Gesloten geloofsgemeenschappen en dissidenten, dat is een vast duo. De vraag is alleen hoeveel dwarsheid de groep van een enkeling aankan. Sommige zonderlingen passen prima. Anderen schuren de boel op. Wie afwijkt moet goed in de gaten houden dat de rek van de groep er een keer uit is.
Gesloten geloofsgemeenschappen van orthodoxe snit komen bij homoseksuele relaties snel bij het einde van de rek. Wie daarvan een treffend voorbeeld wil lezen, kan terecht bij de roman Disobedience van Naomi Alderman. Deze zomer (2018) draaide in de Nederlandse filmhuizen de film die naar aanleiding van dit boek is gemaakt. Mooi gedaan, vond ik en dus kocht ik het boek. Altijd tricky, want je gaat toch vergelijken. De grote lijn van het verhaal las ik terug, maar er zijn duidelijk een aantal wijzigingen aangebracht in de overgang van boek naar film. Twee verschillende soorten communicatie, twee verschillende accenten, maar één en dezelfde spanning: kan een geloofsgemeenschap homoseksualiteit inpassen in een dominant heteroseksuele werkelijkheid?
Het verhaal speelt in orthodox-Joodse gemeenschap in de Londense wijk Hendon. De oude en zeer gerespecteerde rabbijn is overleden: Rav Krushka. De rouwrituelen en de rouwdienst worden voorbereid. De vraag wie hem zal opvolgen als leider van de gemeenschap gaat direct rond. Rabbijn Dovid Kuperman is een jonge dertiger die als geestelijke zoon van Krushka staat voorgesorteerd. Hij is getrouwd met Esti. Zij hebben (nog) geen kinderen.
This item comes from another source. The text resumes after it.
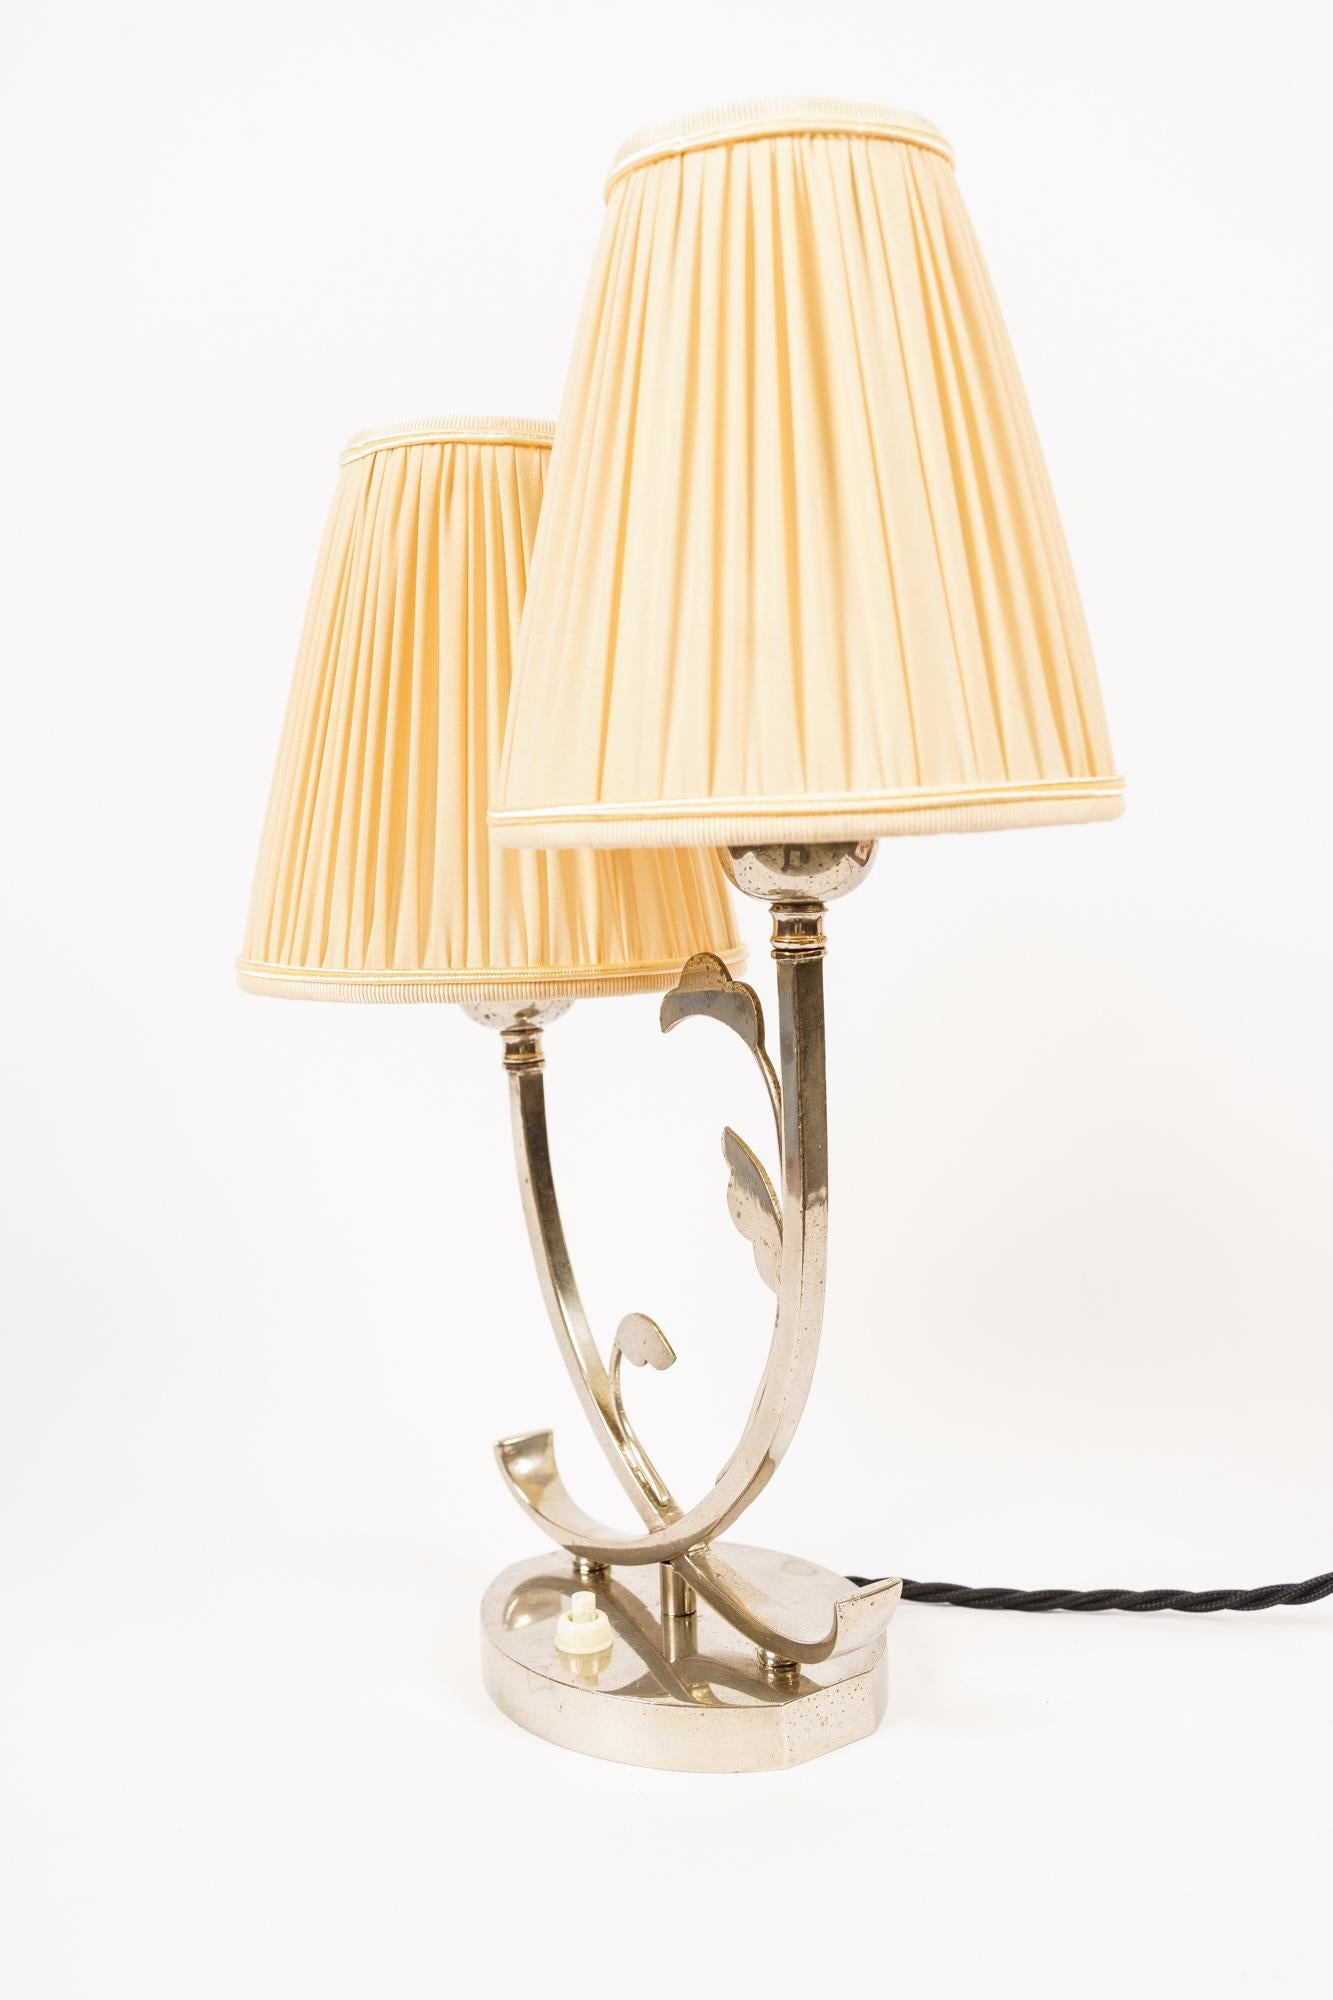 Brass Rare Art Deco Table Lamp with Fabric Shades Vienna Around 1920s For Sale
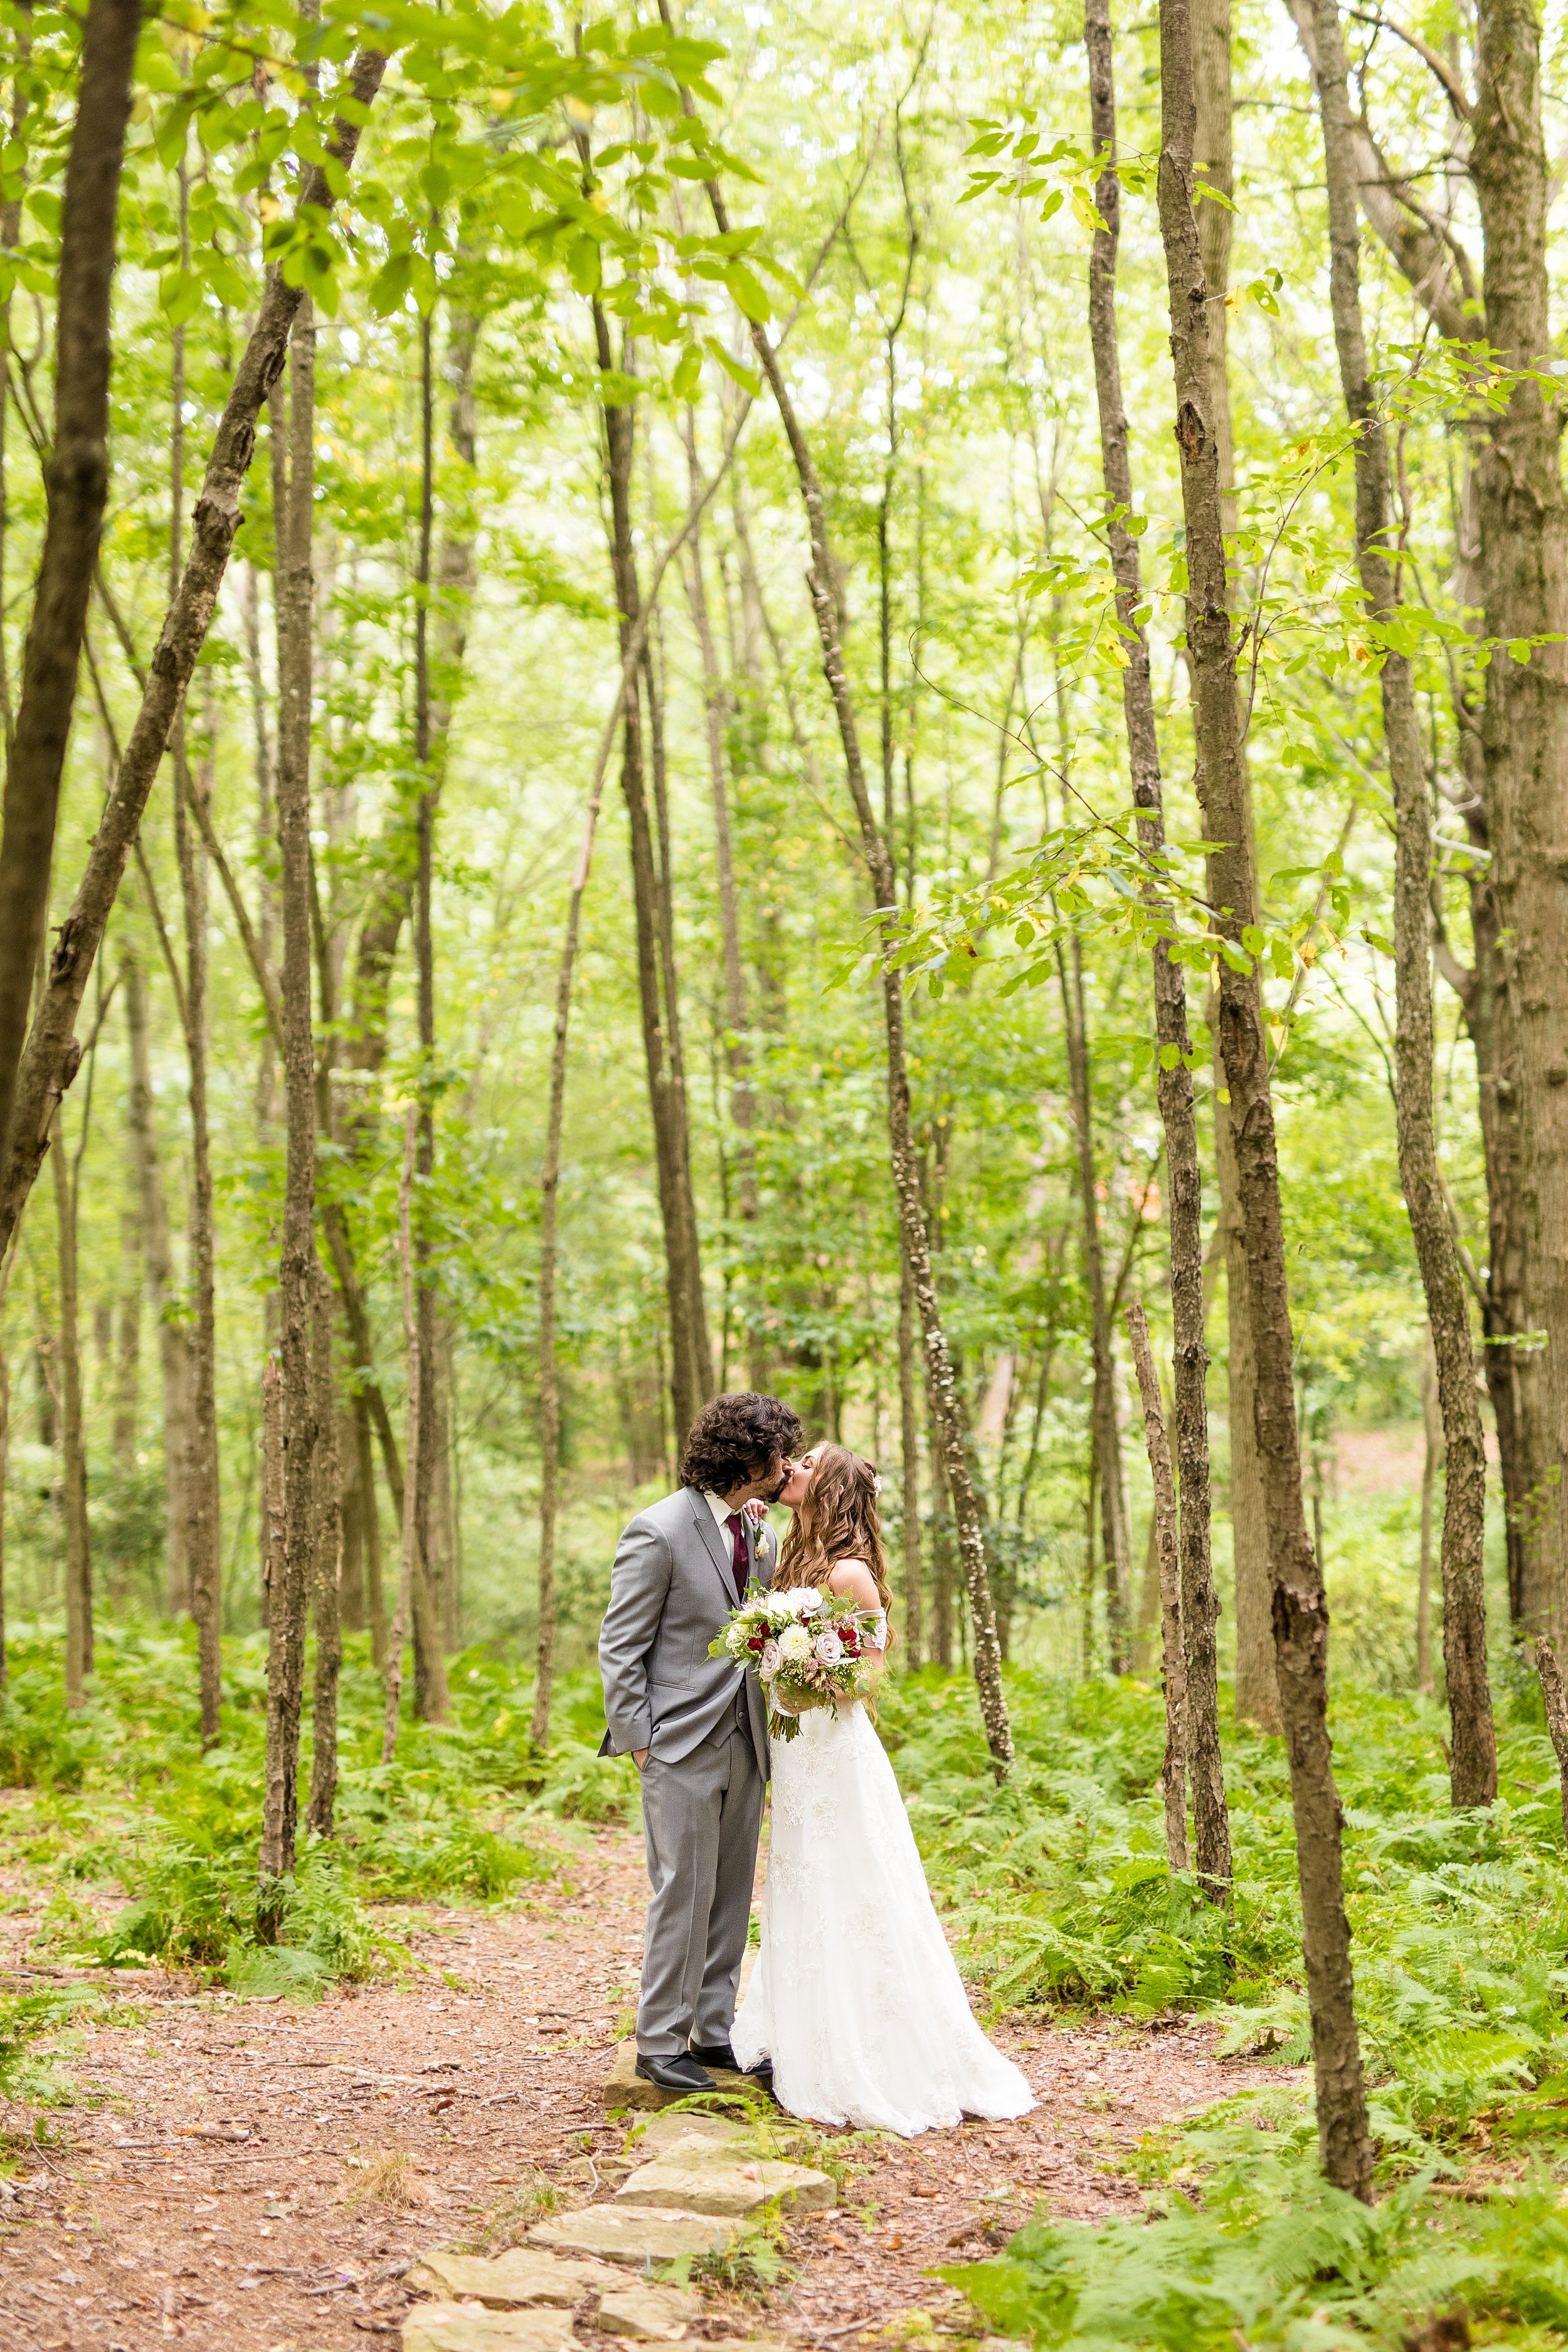 pinehall at eisler farms wedding photos, butler wedding venues, lord of the rings inspired wedding, book lover wedding inspiration, pittsburgh wedding photographer

Dan verschijnt Ronit in Londen. Zij is de dochter van de rabbijn, zijn enige. Zij woont en werkt in New York. Jaren geleden is zij vertrokken. Waarom? Onenigheid met haar vader en het verlangen te ontsnappen aan de benauwde sociale controle van de geloofsgemeenschap. Zij heeft geaarzeld, maar toch komt ze terug om afscheid te nemen van haar vader.
Zij logeert bij Esti. Zij hebben als jeugdvriendinnen samen erotische ervaringen opgedaan. Wat gebeurt er als Ronit in het leven van Esti terugkeert? Wat vindt Dovid? Hoe reageren de buren, de oude bekenden, de geestelijke leiders? Wat gaat er gebeuren als Ronit de herdenkingsdienst zal bijwonen? Het wordt een onthutsend, maar ook teer verhaal. Wat een kwaliteit in stijl, sfeer en plot, echt heel mooi.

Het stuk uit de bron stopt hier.